= Vetrliði Sumarliðason =

Vetrliði Sumarliðason (Old Norse: /non/; Modern Icelandic: Veturliði Sumarliðason /is/) was a 10th-century Icelandic skald.

He was the great-grandson of Ketill hængr ("salmon"), one of the settlers of Iceland. He lived in Fljótshlíð, in the south of the island.

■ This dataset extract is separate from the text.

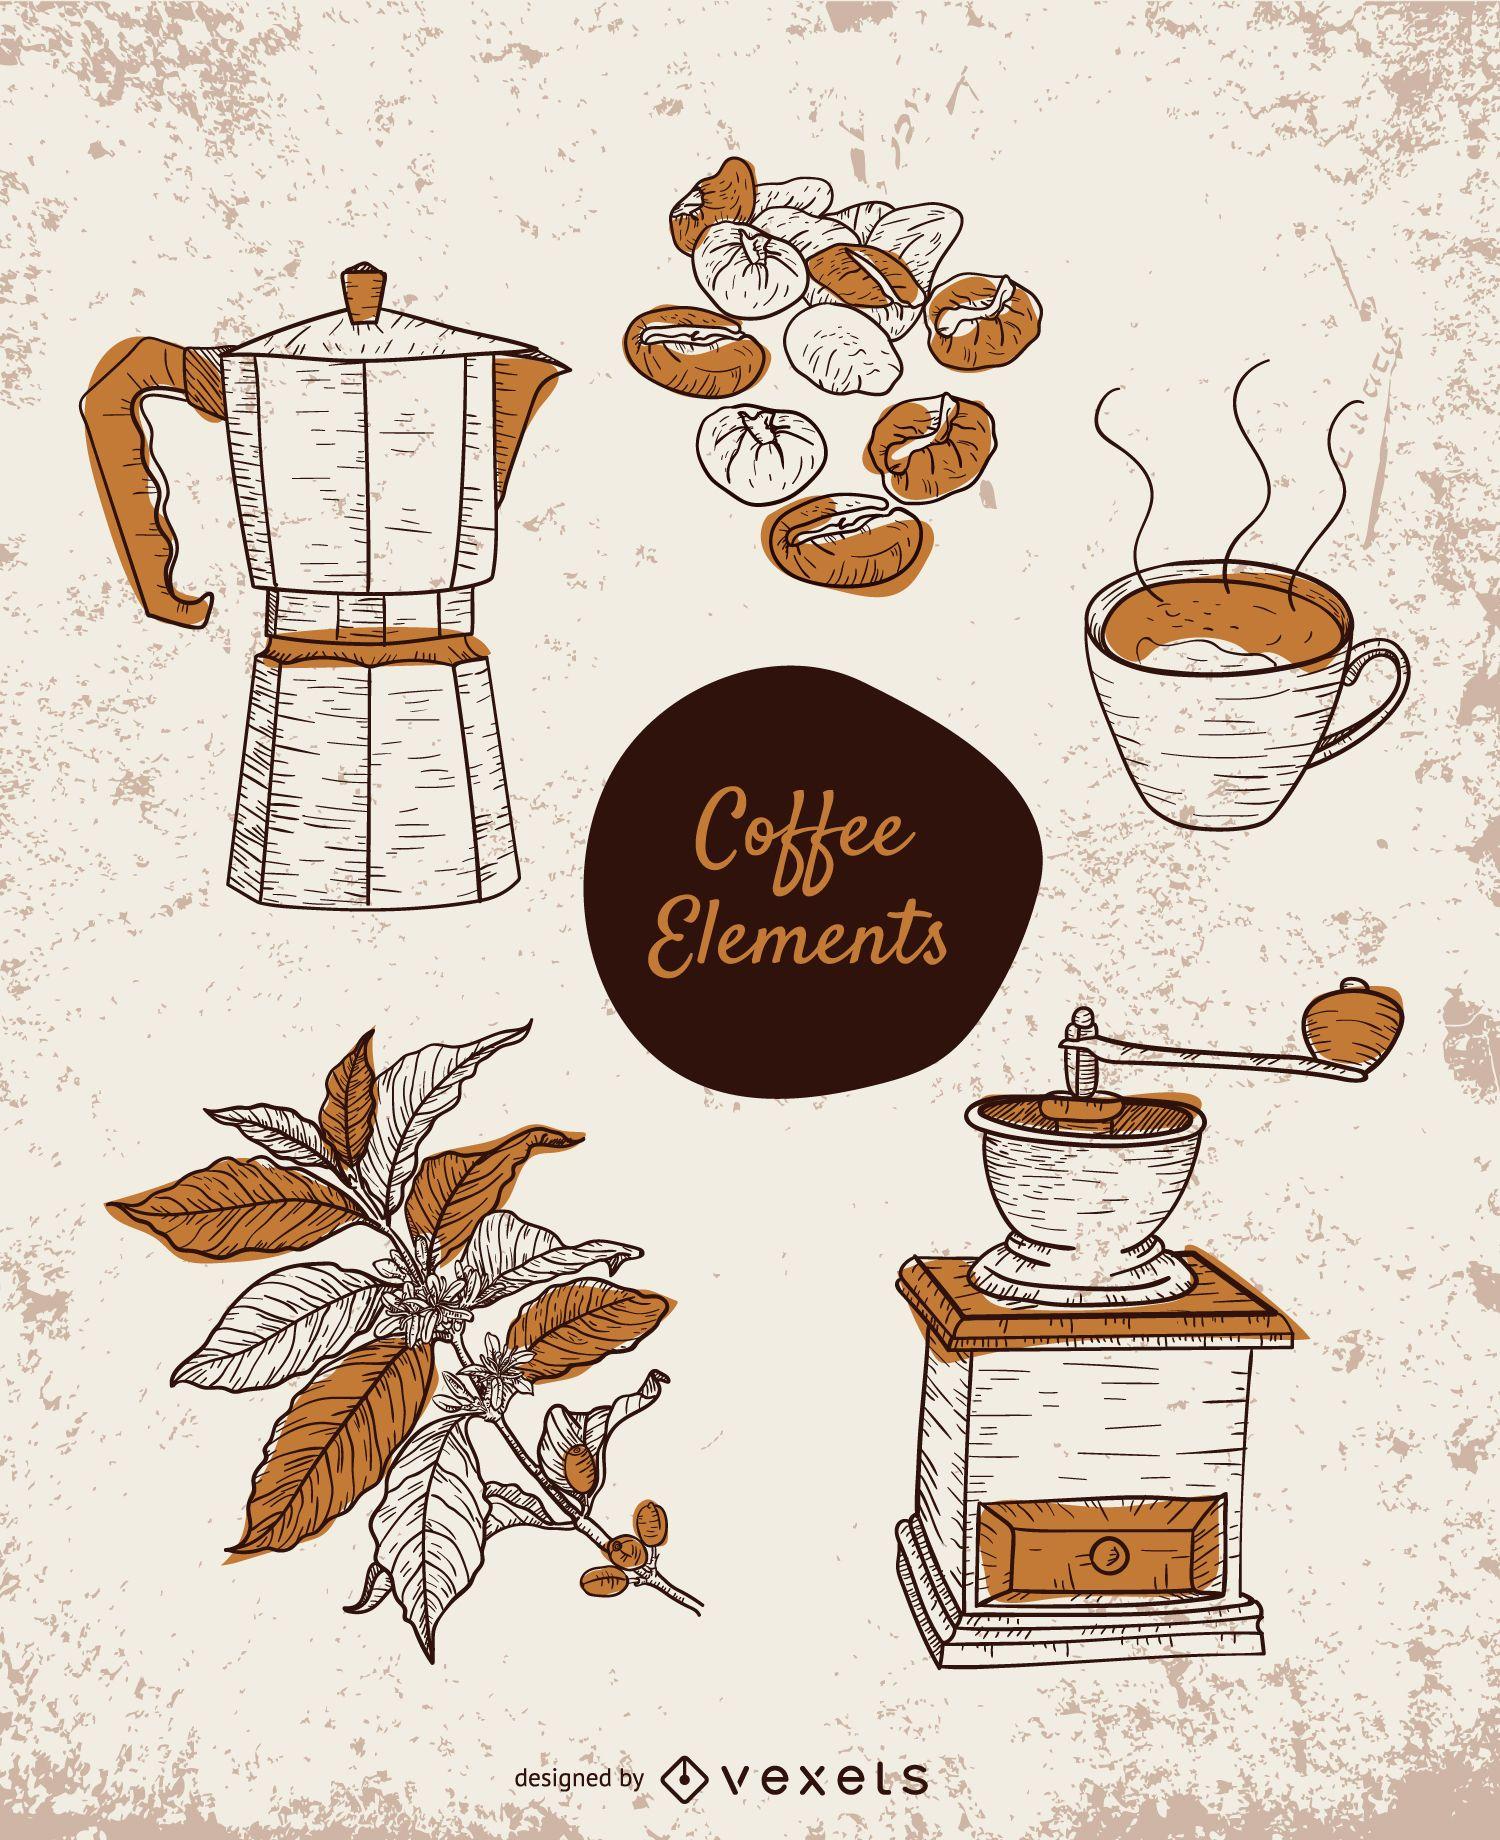 Conjunto de elementos de café dibujados a mano

Vetrliði was pagan and opposed the conversion to Christianity. He composed defamatory verses (níð) about Þangbrandr, a missionary sent to Iceland by Óláfr Tryggvason. He was killed by the priest (or by the priest and his companion Guðleifr Arason). In some versions, another skald, Þorvaldr veili, was murdered for the same reason. A stanza was composed by an unknown author about Vetrliði's death:

This episode is related in many sources: Kristni saga, Landnámabók, Brennu-Njáls saga, Snorri Sturluson's Óláfs saga Tryggvasonar and Óláfs saga Tryggvasonar en mesta.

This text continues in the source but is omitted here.